All statistical analyses were performed using SAS version 9.2 (SAS Institute, Cary, NC). To facilitate analysis of data and to obtain consistent estimates of mean and variance parameters considering the complex survey data setting, SAS procedures SURVEYMEANS, SURVEYFREQ, and SURVEYLOGISTIC were used for descriptive analyses and modeling efforts.d


Sample Characteristics

We identified 3,441,262 entries for general surgical and 2,610,441 for orthopedic procedures performed between 1998 and 2007 in the NIS. These numbers are a national estimate of 16,828,312 and 12,760,565 performed procedures during this time frame in the US. Of those, 51,509 (weighted estimate 250,388) (1.4% ± 0.01%) and 65,774 (weighted estimate 320,157) (2.52% ± 0.01%), respectively, carried a diagnosis of SA. The coding for SA increased steadily over time reaching a prevalence of 2.7% ± 0.03% (46,942 of 1,710,001) for general surgical and 5.5% ± 0.04% (82,491 of 1,513,137) for orthopedic procedures in 2007 (Fig. 2). Table 1 details the demographics of entries with and without SA for discharges associated with either procedure type. For orthopedic procedures, patients with SA tended to be slightly younger and more frequently male, whereas the opposite trend was found for general surgery recipients. For either procedure, however, males had a higher prevalence of SA compared with the general population of patients undergoing surgery. SA patients carried a higher comorbidity burden than the group without the disease for either procedure type. Obesity was approximately 5 times more prevalent among SA patients compared with those without the disease (4.3% ± 0.01% vs 23.8% ± 0.19% for general surgical procedures and 6% ± 0.02% vs 30.1% ± 0.18% for orthopedic procedures, respectively [P < 0.0001]).

Figure 2
Figure 2:
Prevalence of a diagnosis code for sleep apnea among patients undergoing orthopedic and general surgical procedures from 1998 to 2007.

Propensity Score Matching

Table 2 details information after the SA patients were matched to non-SA patients.
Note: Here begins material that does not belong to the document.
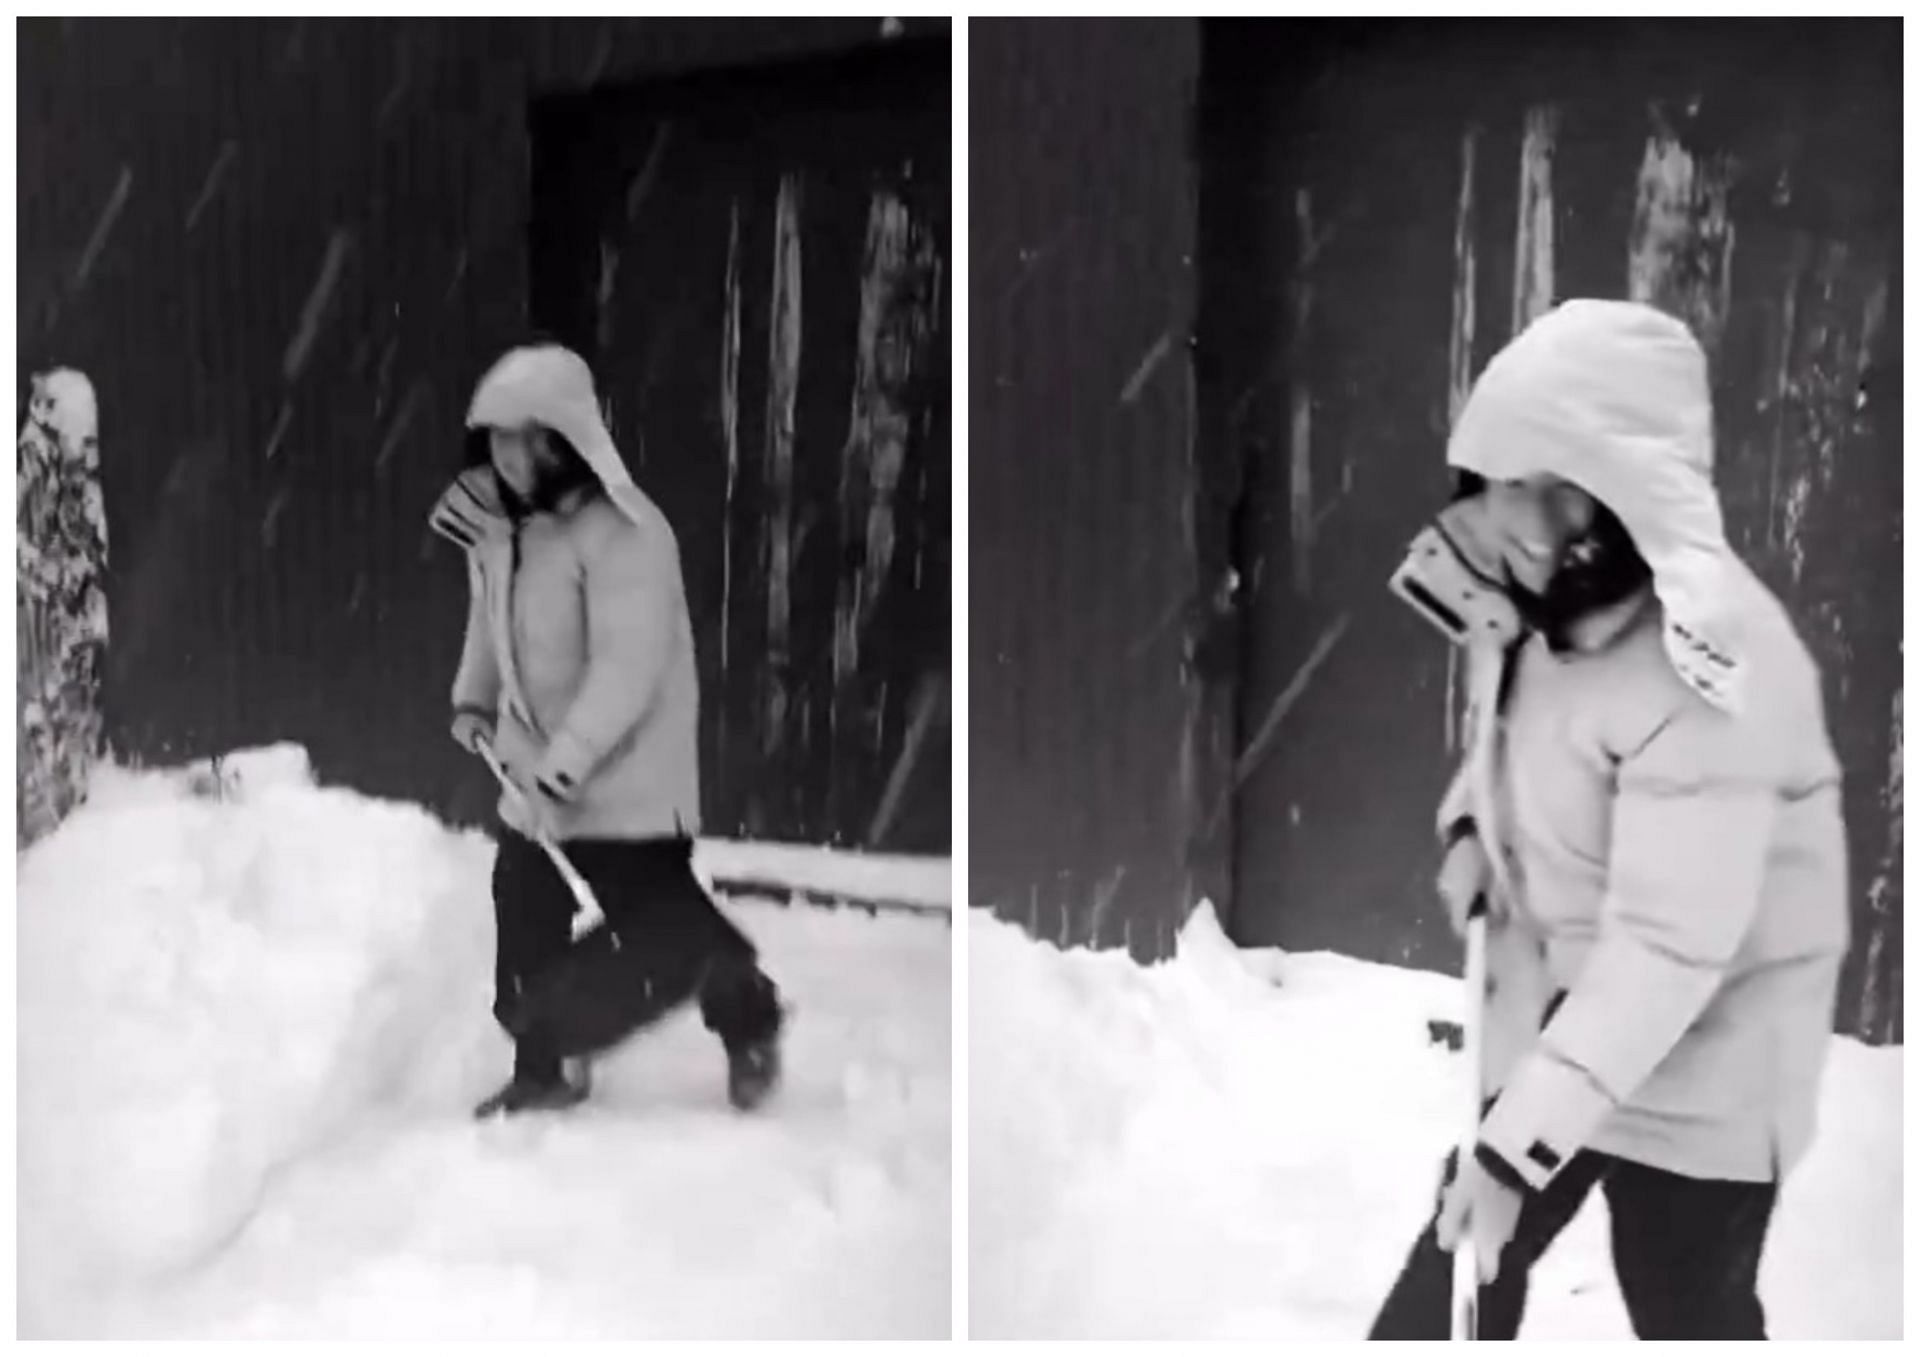 Viktor Hovland trying to clean snow at his home on Christmas Eve (image via Instagram.com/mats_hovland)

Of the orthopedic patients, 81.4% (58,538 of 65,774), and of general surgical patients, 88.4% (45,547 of 51,509) with SA were successfully matched. Because of matching, the mean absolute standardized percentage difference for the covariates decreased from 21.46% (range, 0.14%–55.72%) to 0.77% (range, 0.01%–3.23%) for the orthopedic sample and from 18.81% (range, 0.16%–58.47%) to 0.33% (range, 0.001%–2.35%) for the general surgical sample, respectively, demonstrating that matching was effective.

Pulmonary Complications

Patients with SA developed pulmonary complications more frequently than their matched controls after both orthopedic and general surgical procedures, respectively (i.e., aspiration pneumonia: ARR of 0.34% [95% confidence interval: 0.30%, 0.39%] and 0.74% [0.66%, 0.81%]; ARDS: ARR of 0.61% [0.57%, 0.65%] and 1.35% [1.26%, 1.44%]; intubation/mechanical ventilation: ARR of 3.19% [3.12%, 3.27%] and 4.87% [4.73%, 5.01%]; Table 3). Comparatively, PE was more frequent in SA patients after orthopedic procedures (ARR of 0.09% [0.06%, 0.12%]) but somewhat reduced after general surgical procedures (ARR of 0.05% [0.01%, 0.08%]). SA was associated with a significantly higher adjusted OR of developing pulmonary complications after both orthopedic and general surgical procedures, respectively, with the exception of PE (OR for aspiration pneumonia: 1.41 [1.35, 1.47] and 1.37 [1.33, 1.41]; for ARDS: 2.39 [2.28, 2.51] and 1.58 [1.54, 1.62]; for PE: OR 1.22 [1.15, 1.29] and 0.90 [0.84, 0.97]; for intubation/mechanical ventilation: 5.20 [5.05, 5.37] and 1.95 [1.91, 1.98]; Table 3).

Sensitivity Analysis

Sensitivity analysis using a regression model (results not shown) yielded similar ORs thus confirming our results and conclusions. Furthermore, the outcomes did not change when the Deyo index, the overall indicator for comorbidity, was replaced by its individual comorbidity components.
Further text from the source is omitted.